Gerd Carling

A Revised and Digitised Lexicon over Tocharian A



Tocharian A and B are two Indo-European languages that are attested in text fragments from present Xinjang, China, dated 6-800 AD. The total number of fragments is about 4,000, and 520 of these are written in Tocharian A. Most A-texts are preserved in Berlin and were published in transliteration by Emil Sieg - Wilhelm Siegling 1921. This material has been collected into a concordance by Pavel Poucha Thesaurus Linguae Tocharicae (1955). Unfortunately, this publication contains many errors in the identification of individual lexemes and passages. A collection of fragments, unearthed in Yanqi 1974, has shed new light on earlier material and solved many questions that had arisen with Poucha's thesaurus. The first step of the present project will be to build up a text database consisting of all A material: the Berlin and Yanqi texts plus unpublished A texts from Paris. This will be completed by restorations and corrections by integrating a reference database, containing references to individual passages and texts. Then Poucha 1955 will be examined and lemmata that require revision will be dealt with completely. In connection with this parallel words and passages in Uighur and Sanskrit will be included. The purpose is to provide a complementary volume to Poucha's thesaurus and the word index of Tocharian A in Wolfgang Krause - Werner Thomas Tocharisches Elementarbuch (1964), the two main present lexical facilities for Tocharian A.
Final report

Gerd Carling, Lund University

Introduction

According to the first version of the application the main purpose of the project was to produce a complementary volume to existing dictionaries of Tocharian A, Poucha (1955) and the word-list of Tocharisches Elementarbuch II, Texte und Glossar (1964).
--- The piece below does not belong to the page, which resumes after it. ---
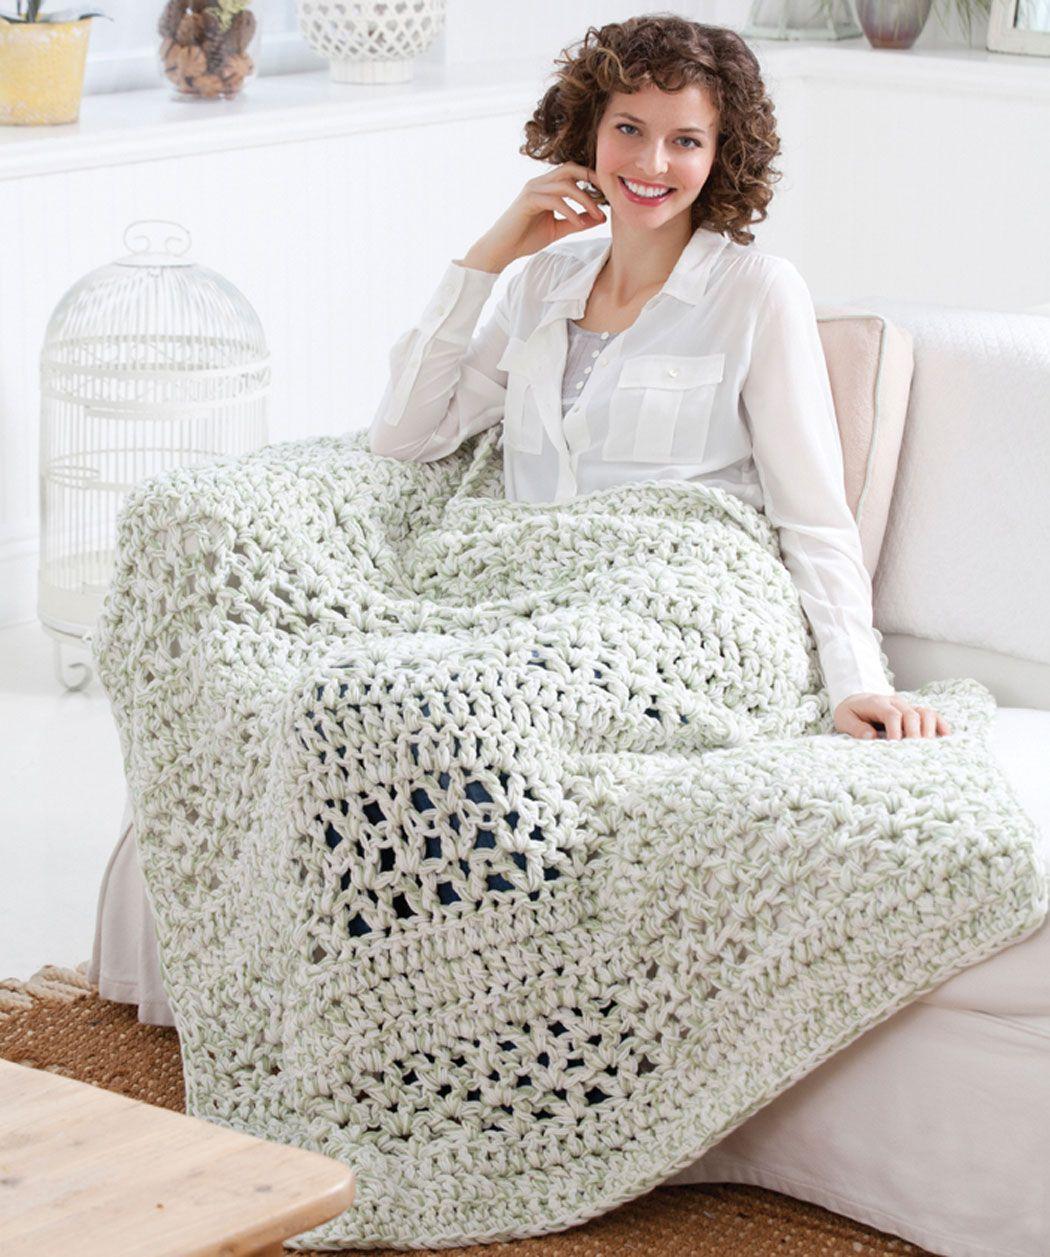 Pin by Cathy Cunningham on Crochet Afghans   Pinterest   Crochet ...
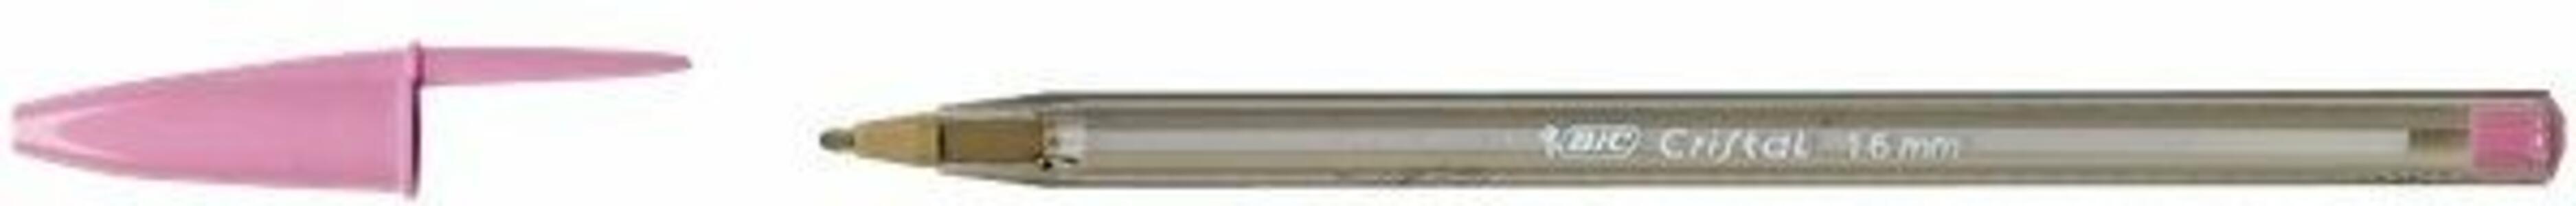 Penna a sfera Bic Cristal large punta 1,6 mm. Confezione 20 colori assortiti

In this version of the application, the project focussed on the absence of reliable and complete dictionaries of Tocharian A, a circumstance that made the study of this language very difficult. However the appearance of a number of new texts (like the YQ-texts, published by Ji, Winter & Pinault 1998) and a number of new editions of texts in parallel languages, such as Sanskrit and Uighur, with relevance for the Tocharian A texts, provided material for a new, updated dictionary. As a result the project period of the application, two years, was regarded as too limited to produce a complete dictionary, the application intended to produce a "complementary volume" and a text- and reference database, containing all sorts of relevant information on and around the text material. The work was supposed to be carried out mainly by the applicant Gerd Carling, but in collaboration with professor Georges-Jean Pinault, Paris, and professor emeritus Werner Winter, Kiel. Work on the project started in January 2003. During the summer of 2003 a complete but preliminary version of the database (Text- and Reference Database of the Tocharian A Language, TTAL), was set up. The database was then continuously extended, improved and updated during the work on the dictionary, which will be published during 2008 (DTA I). Later during 2003 a preliminary version of an updated "complementary dictionary" was completed, focusing on errors and mistakes in Poucha (1955) and items omitted TEB II.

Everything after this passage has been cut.